作别了水娘子后从水香阁出来,按照规矩他们两个应该在回家前先去柳府给柳裴元磕头。听老人训导之后才能回家。
车里,柳雪涛像个没骨头的人一样阮绵绵的靠在卢峻熙的怀里,阖着眼睛闭目养神,对见到自己父亲之后该如何解释的事情毫不担心。卢峻熙的心里却有些忐忑,不知道岳父大人的气消了没有,昨晚那一通折腾恐怕绍云城里半数之上的人都已经知道了,这会子柳裴元怕是闭门谢客没脸见那些亲友了。
因为早饭本来吃的就晚,临走时水娘子又说了许多客气话,待到了柳府门口时,天色已经是巳时二刻(上午十点半)了。
柳家大门上的当值小厮见是卢家的马车,便知道是自家姑奶奶来了,一个人匆忙进去报信,剩下的便都赶上前来请安。
卢峻熙下车把柳雪涛抱下车,方转身微笑道:“都起来吧,岳父大人可在家里?”
“回姑爷,老爷在家里呢。姑奶奶,姑爷里面请。”家人一边起身一边回话,然后前面领路带着卢峻熙夫妇二人进了大门。
柳裴元一夜没睡好,一大早起来也没好好吃饭,正在书房里愁眉苦脸的为了柳雪涛的事情叹气,柳皓波忙于生意上的事情一大早便出去了,柳明澈见父亲因妹妹的事情心里不痛快,便叫小厮去赵玉臻哪里搞了个假说父亲身体不适,身边少不得人。赵玉臻自然明白其中缘故,不会为难他。
家人进来回报说大小姐和姑爷已经在门外下车的时候,这父子二人正在书房里说着柳雪涛的事情,闻言忙问道:“他们两个一起来的?是什么个情形?”
下人忙回:“大小姐和姑爷有说有笑的,十分恩爱的样子。”正说着,卢峻熙和柳雪涛二人便已经进了院门,一路穿过院子中间的青石板甬路,踏上书房门口的台阶一步步走进屋里来。
下人挑起帘子,二人进屋给柳裴元磕头请安。
柳明澈便长出一口气劝道:“我就说他们没事儿吧,偏生父亲不放心。瞧瞧,这会儿倒是手拉着手亲亲密密的样子,任谁也分不开了。”
柳裴元便哧的一声笑道:“真是越大越成了孩子,眼看着都当爹娘的人了,还跟三岁的小娃娃一样,只会折腾人。”
柳雪涛和卢峻熙二人面面相觑,又忍不住偷笑。
柳裴元便板着脸叹道:“你们两个还不起来,跪在地上等着挨打不成?”
柳明澈忙上前去把自家妹子拉起来,又冲着卢峻熙点点头,笑着问道:“峻熙,没事儿吧?”

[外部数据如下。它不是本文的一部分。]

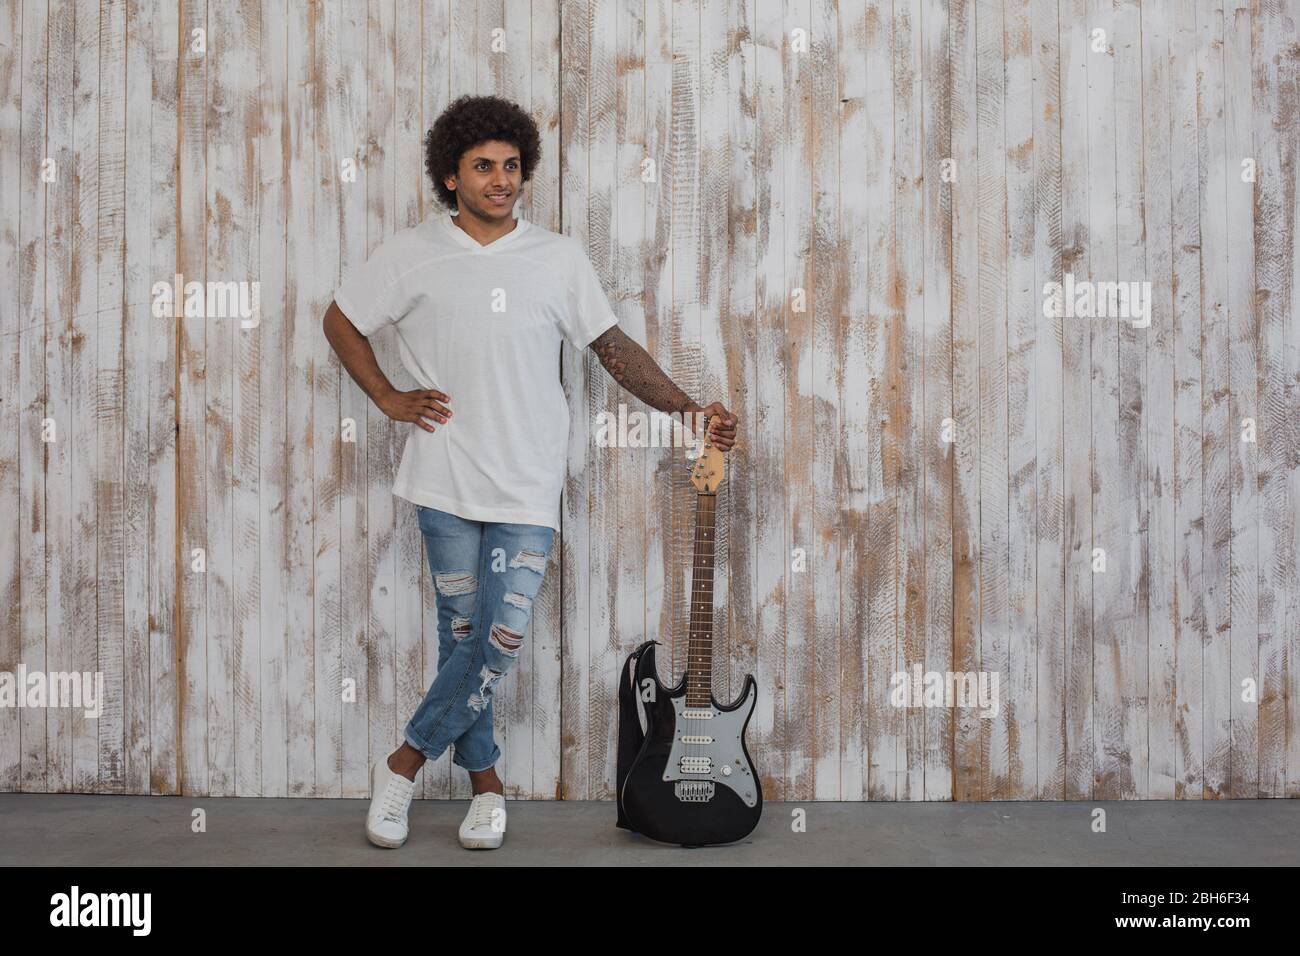 Creative person. Mulatto man musician, with curly hair stands near the bass guitar, against retro wooden wall Stock Photo

卢峻熙忙一拱手,又给柳明澈见礼:“多谢二哥挂念,峻熙没事儿。”
柳明澈悄声笑道:“没事儿就好。父亲一大早的还念叨呢,说你从小娇生惯养,恐怕从没吃过这样的苦头。昨儿那一巴掌着实是打重了。”
此言一出,柳雪涛和柳裴元又都转头看着卢峻熙的那半边脸。只见红肿已经消退,早已经恢复的白里透红,全无一丝挨打的痕迹。
卢峻熙便又半跪倒柳裴元跟前,说道:“是小婿不懂事,惹岳父大人生气。我从小没有父亲耳提面命的教导,已经是人生一大憾事。如今幸好有岳父提点,挨打也是福气。”
这话一说,让柳裴元是又疼又怜,忙伸手把他拉起来,叹道:“你从小没有父亲,雪涛从小没有母亲。你们两个孩子都是娇生惯养长大的,从小都没受过一句狠话,所以你们两个才要相亲相爱,有疼有热的好生过日子。莫要因为一些小事伤了感情。若因那些鸡毛蒜皮的小事铸成大错,可是一辈子都难以挽回的痛苦啊。”
柳明澈比柳雪涛大几岁,柳雪涛出生时柳夫人因产后失调一病不起,月子没出边丧了性命。那年柳明澈和柳皓波两个都是四岁,柳皓波只比柳明澈大了两个月。
四岁的孩子已经依稀记得一些事情。当时柳裴元伤心欲绝,搂着柳夫人不许入殓,让把族里的人都给急的不得了,最后还是他们想了个办法给柳裴元喝了一杯有蒙汗药的茶,把他给弄得昏睡过去才把柳夫人的遗体入殓。柳裴元醒后又痛哭一场,柳夫人下葬之后,他大病一场,之后无论是谁在他分钱提及续弦或者把妾室扶正的话,都会被他臭骂一顿。正是因为如此,原本渴望可以扶正的方氏恨死了柳雪涛。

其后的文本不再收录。